The fact that the witch craze had its sad peak during and after the Thirty Years’ War is surely no coincidence. In the face of destruction, epidemics and then also crop failures as a result of the Little Ice Age, people fell back on the scapegoat principle. Certain women were particularly vulnerable to becoming victims of this principle because of their occupation. Women who knew about medicinal herbs and other household remedies could easily go from being healers to witches. Midwives came into direct contact with the "evil juices" of the unclean woman giving birth; if there were even deformities in the infant, the midwife was directly suspected of being the devil’s handmaiden. It can be assumed that male elites felt threatened by women who had accumulated great knowledge in certain fields. But this also falls short as an explanation for the witch persecutions. For the denunciations did not come from the elite (but from the "common people"), nor were women restrained in doing so.
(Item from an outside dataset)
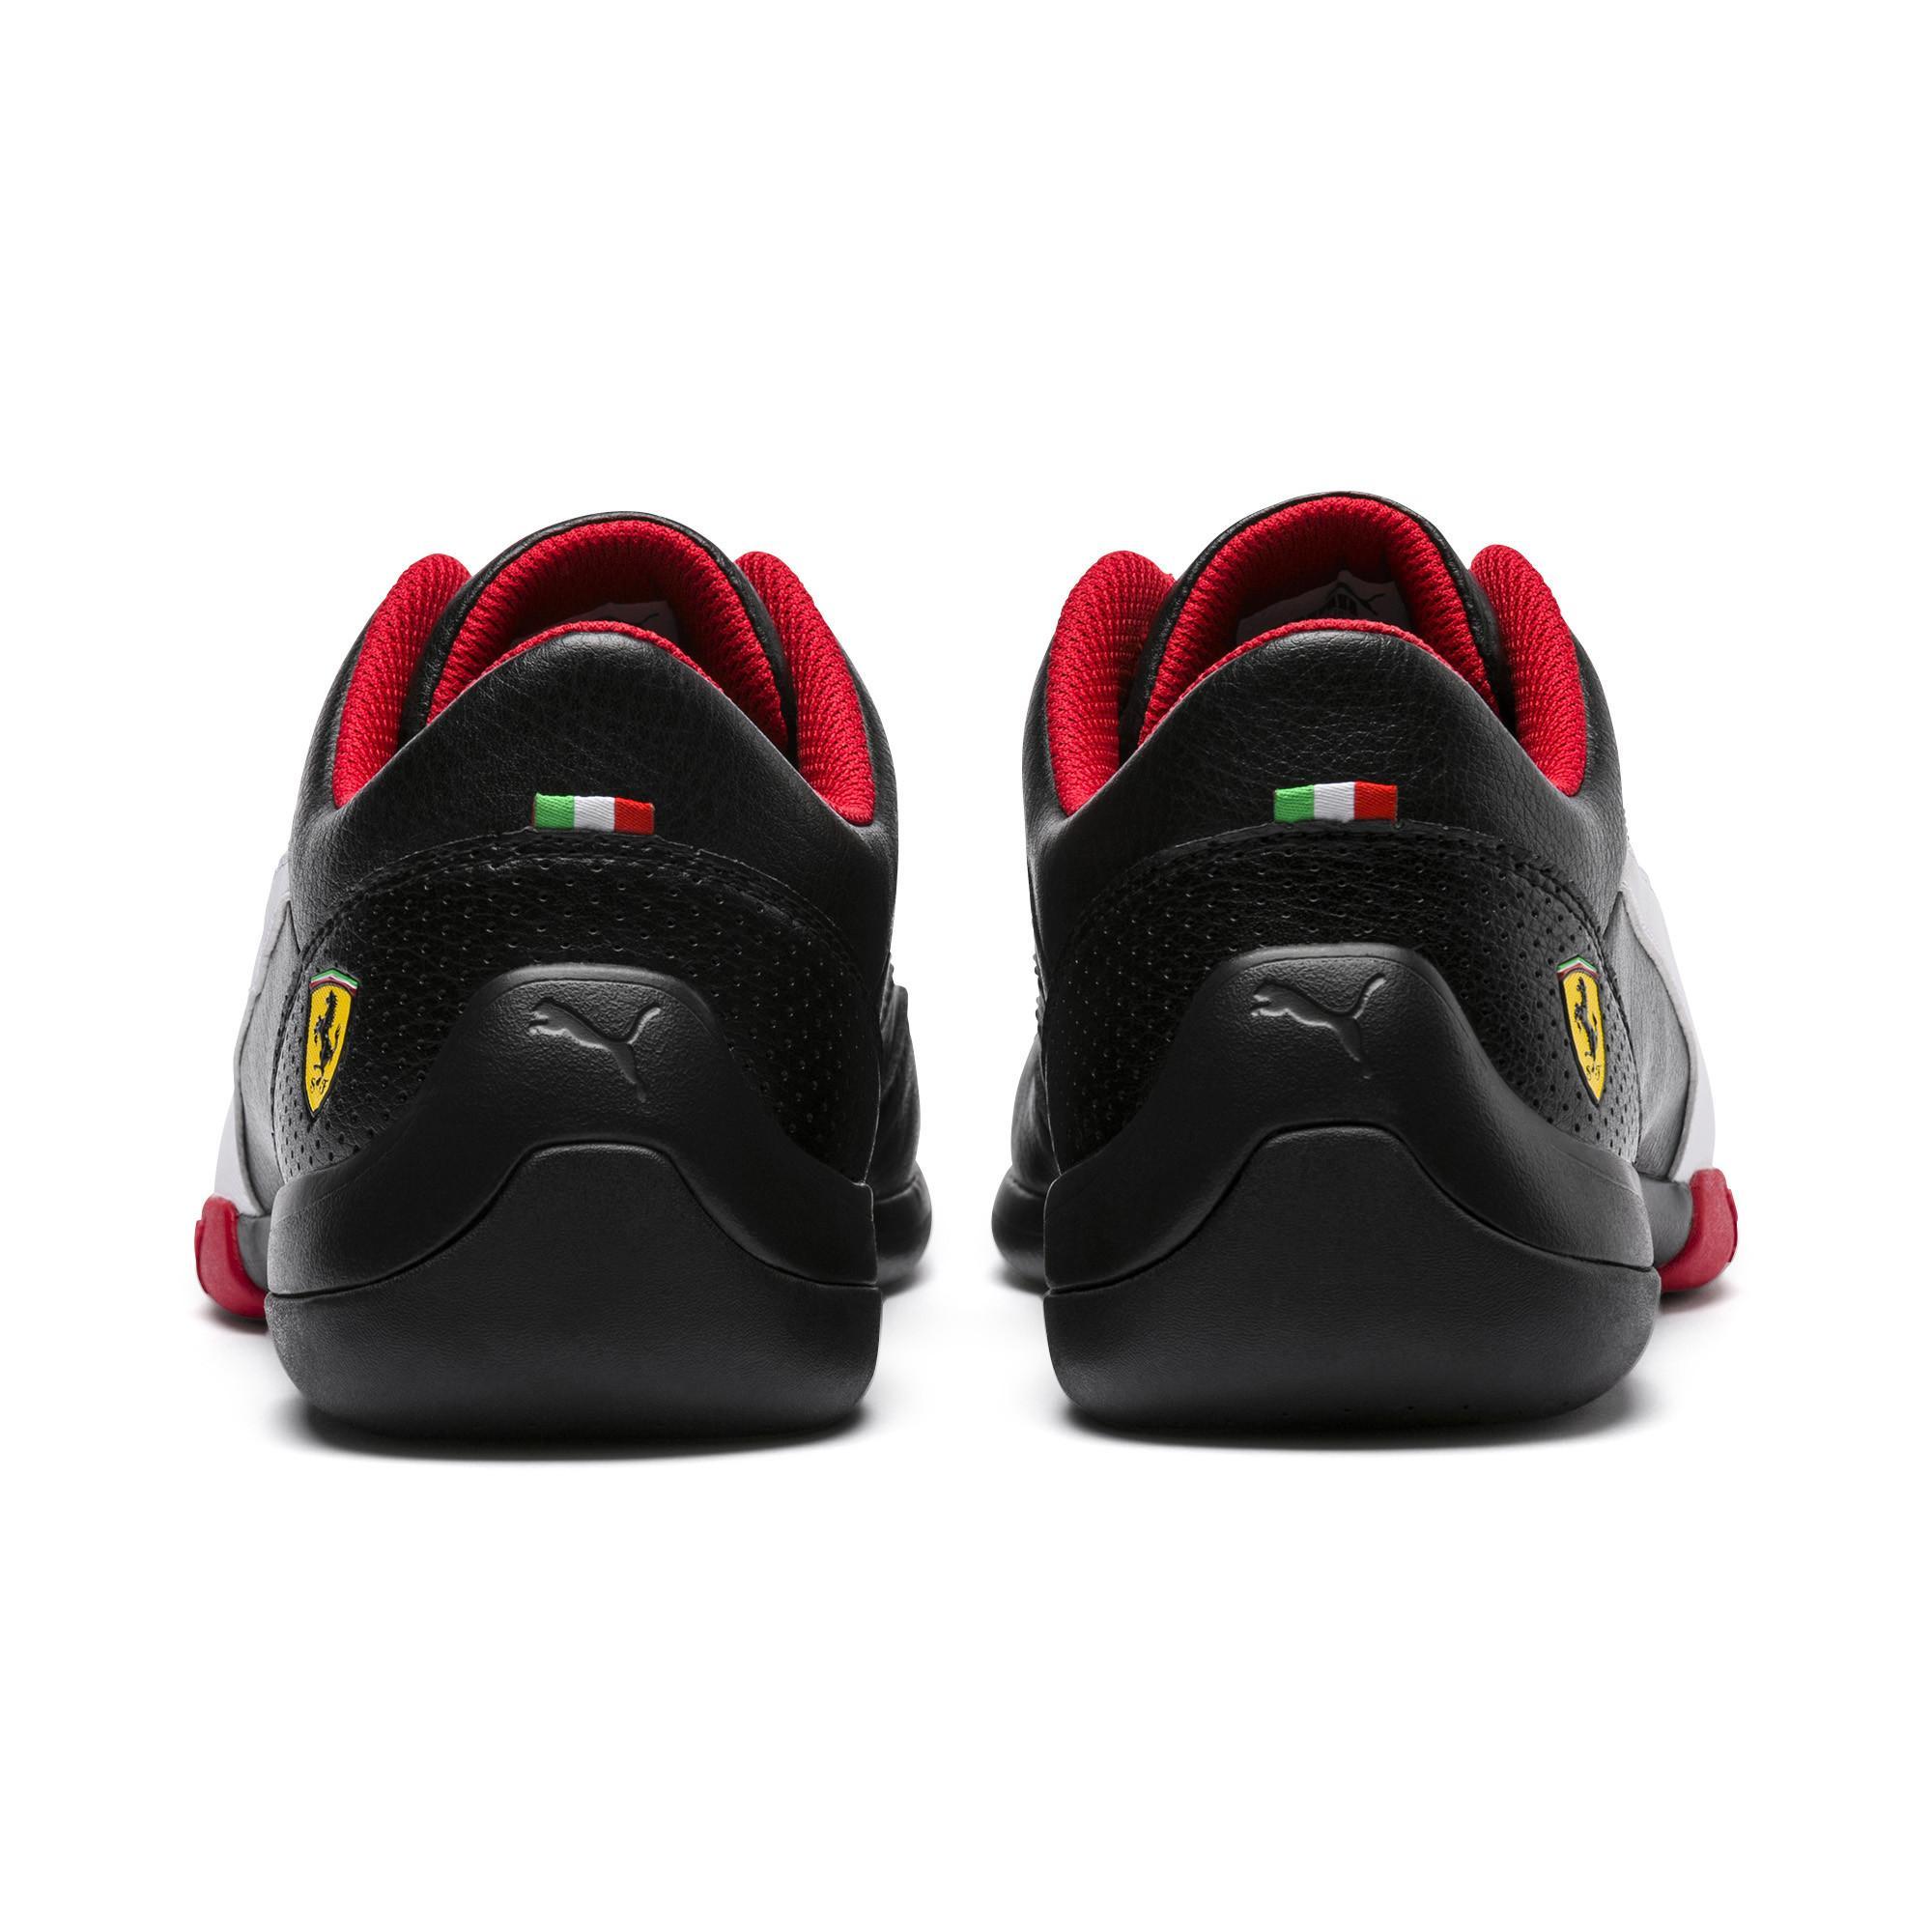 PUMA - Black Scuderia Ferrari Kart Cat Iii Sneakers for Men - Lyst. View  fullscreen 1fd7ad983

Criminalization and demonization of marginalized groups

The superstition associated with witches was also used to demonize social fringe groups. An example of this is the notion of the "witches’ Sabbath," which associates the belief in witches with the Jews. (Sabbath is the Jewish day of rest.) The witches’ sabbath is a festive meeting of all witches and sorcerers of a region with the devil; it takes place at night in a secret place. One of the most famous of these places is the Blocksberg (Brocken).
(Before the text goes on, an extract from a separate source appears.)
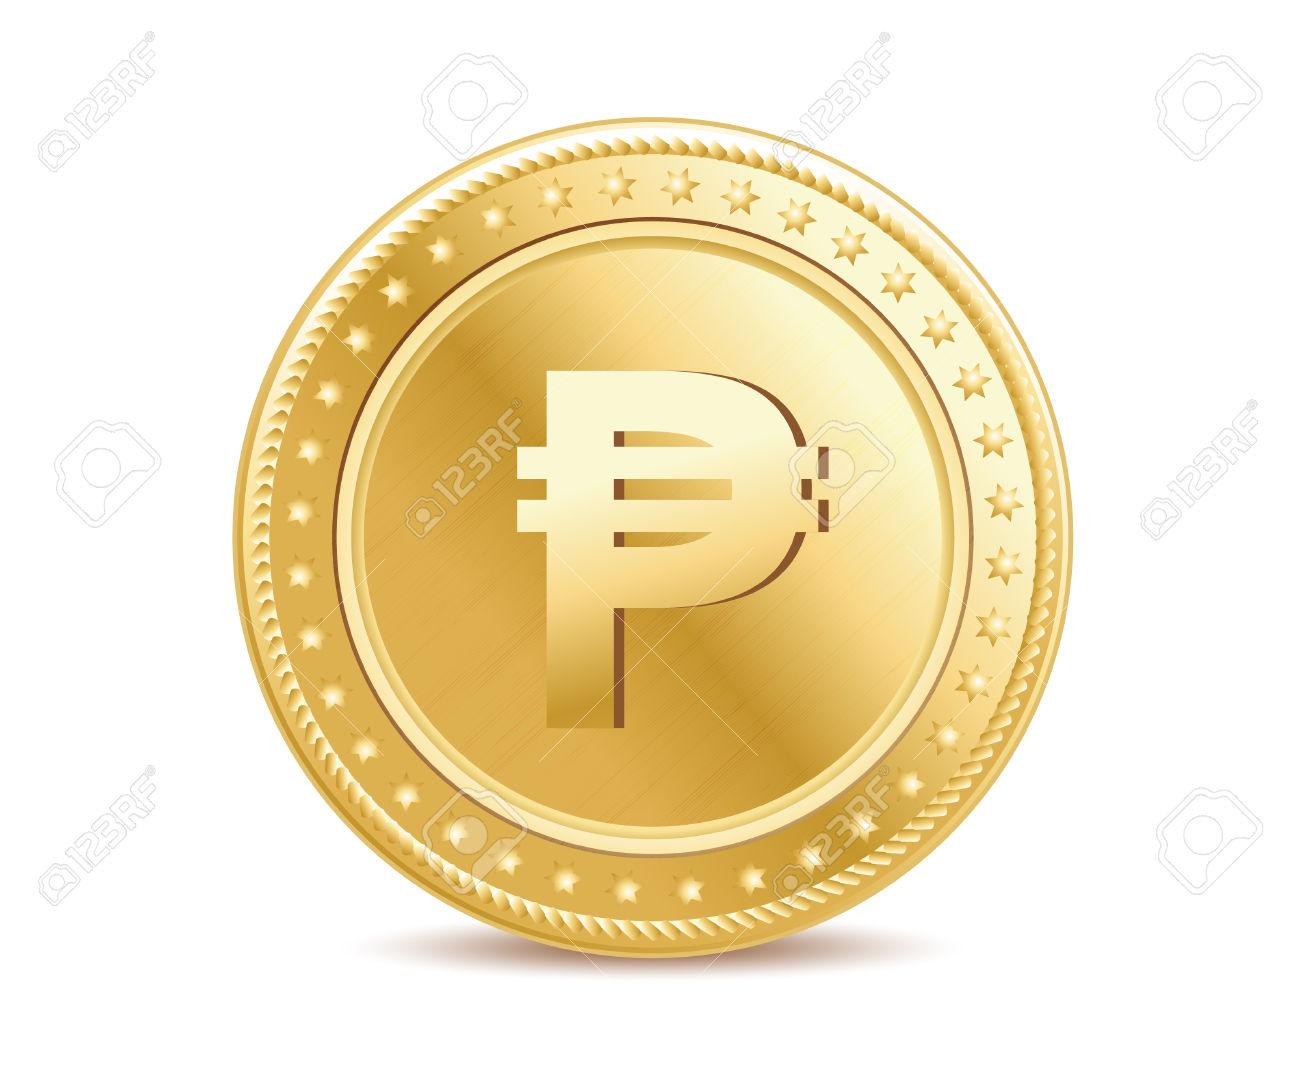 Peso Coin Clipart.

Sinti and Roma ("Gypsies") were also associated with witchcraft. Particularly in northern Germany, until the 19th century, Sinti and Roma ("witches"). In the 19th century, so-called "gypsy brooms" were set up in the store doorway. The broom as a symbol of the witch should prevent Roma from entering the store. In European fairy tales, too, "gypsies" are sometimes mentioned in connection with witches and sorcerers; moreover, as a characteristic of fairy-tale characters who are in league with evil, sometimes their black or. blackened face mentioned.

Witches in fairy tales

What does this dark chapter in the history of Central Europe now have to do with our fairy tales? After all, the writing down of the orally transmitted texts by the Brothers Grimm took place decades after the end of the witch craze. The materials themselves, on the other hand, are much older. Witches therefore often occupy the role of (female) evil in German fairy tales, as they are prototypes typical of the region and time in which they live.
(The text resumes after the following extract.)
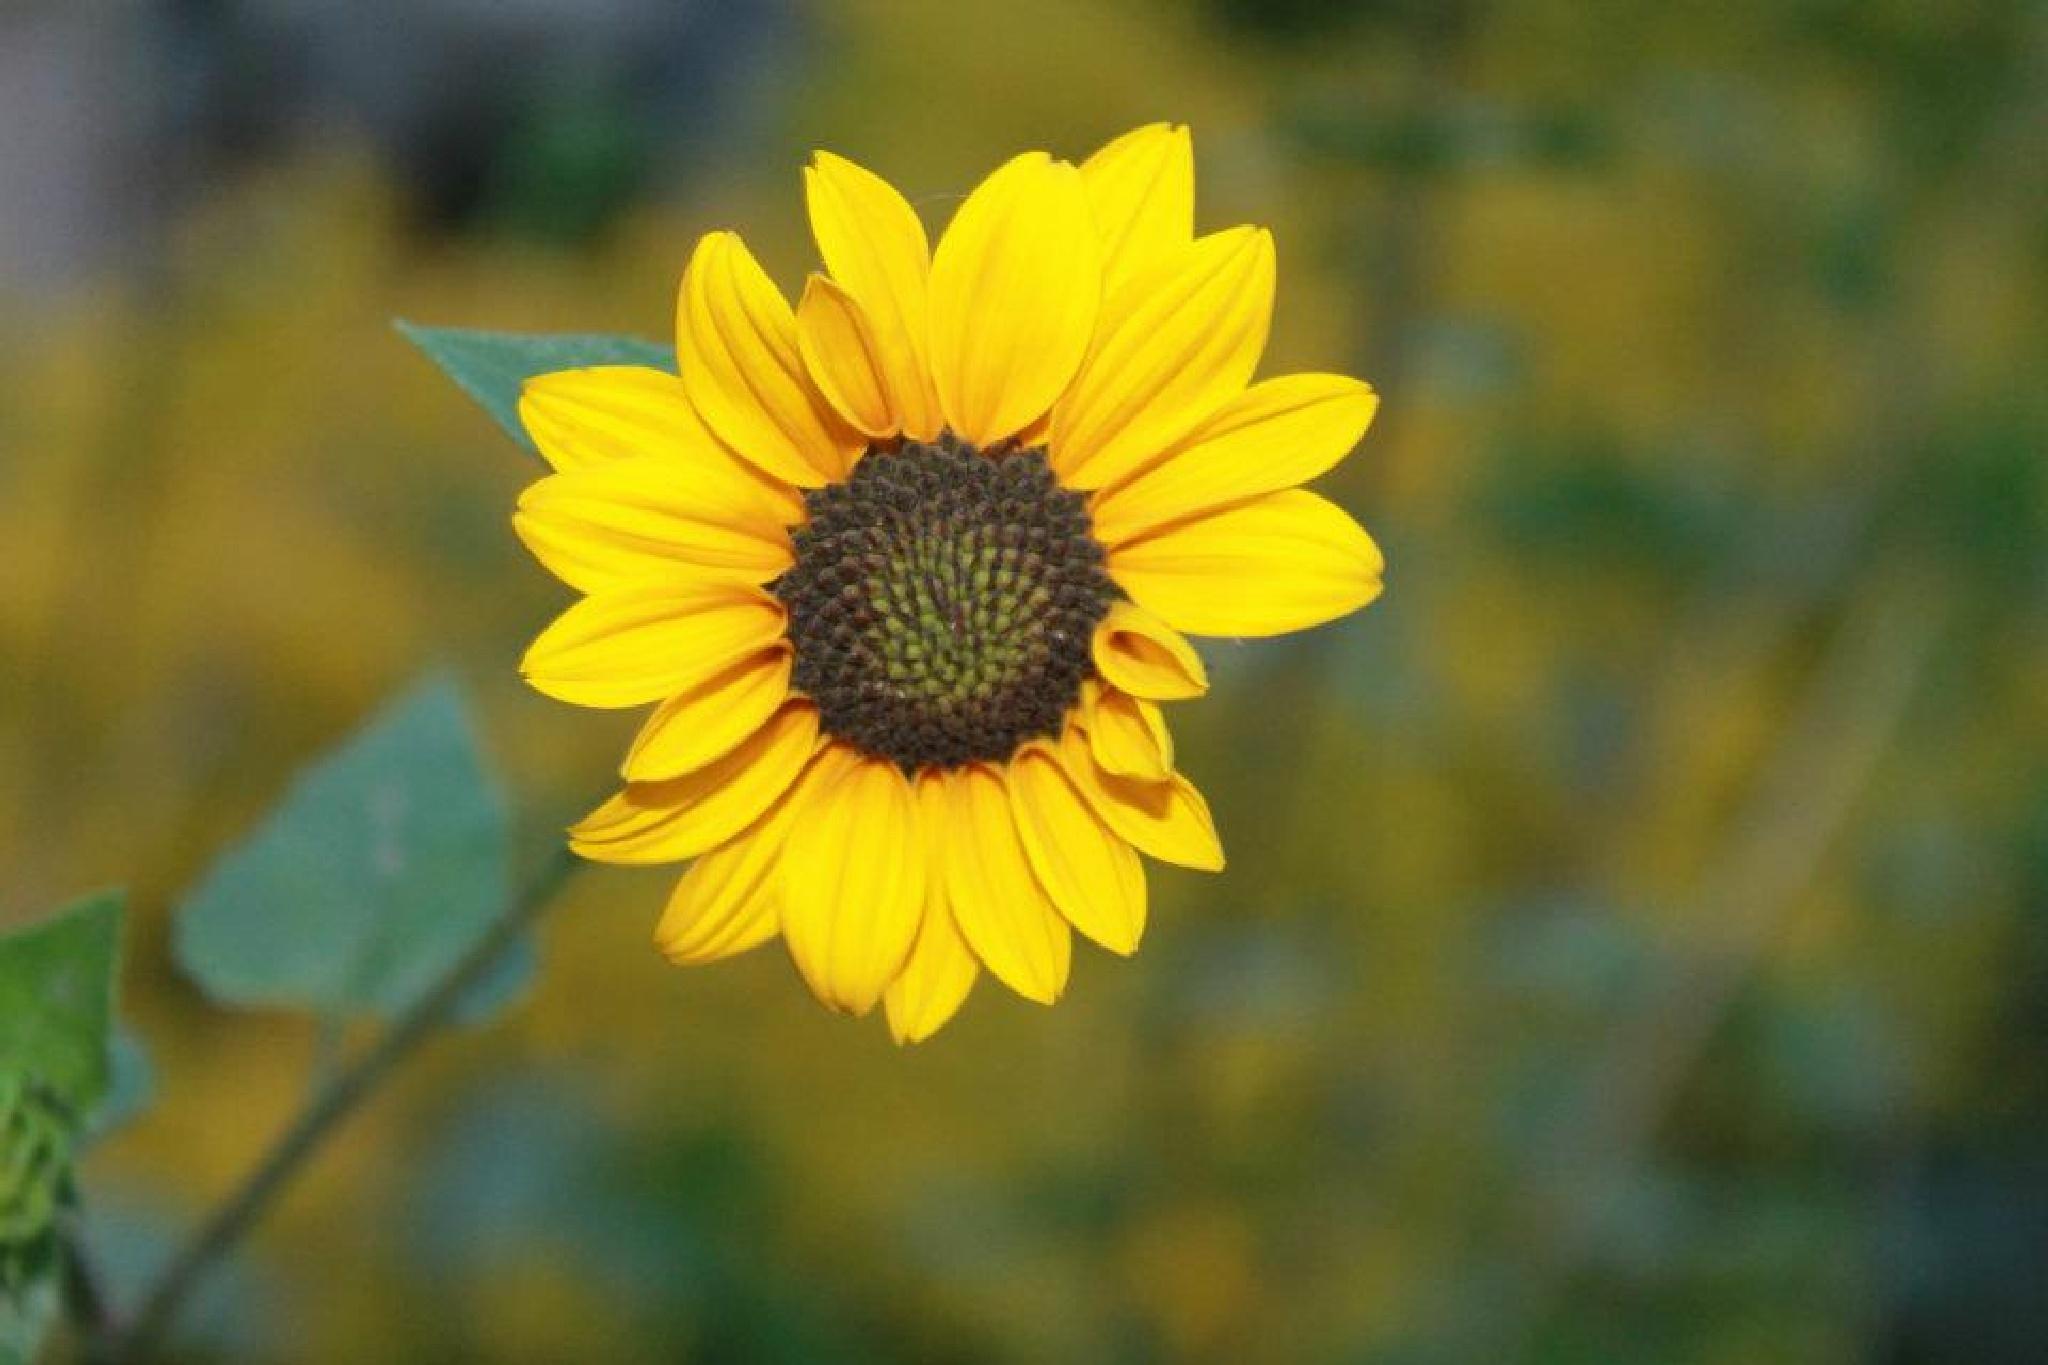 Sunny Flower by Archana Sawant

Illustration by Heinrich Vogeler of the fairy tale Jorinde and Joringel

The witch living alone in her castle in the forest enchants young girls into birds. Illustration by Heinrich Vogeler for Jorinde and Joringel

In related French or Italian fairy tales one often finds the man-eater (ogre, orco) or the man-eater instead of the witch. (Compare for example The Little Thumb with Hansel and Gretel). In other fairy tales like Snow White, the heroine’s enemy does bear characteristics of a witch (older woman with magical powers). However, it is either not named as such at all or only relatively late ("… who was in reality a witch…"). Motifs, such as the punishment of Snow White’s wicked stepmother, who has to dance in the fire, could go back to real events. The "trial by fire" was actually used to determine whether the accused was a witch. At the time when the Grimms created their collection of fairy tales (the first edition was published in 1812), the last witch trials were only a few generations ago. It is likely that reports of such martial acts continued to circulate for some time and were mixed with the older fairy tale material.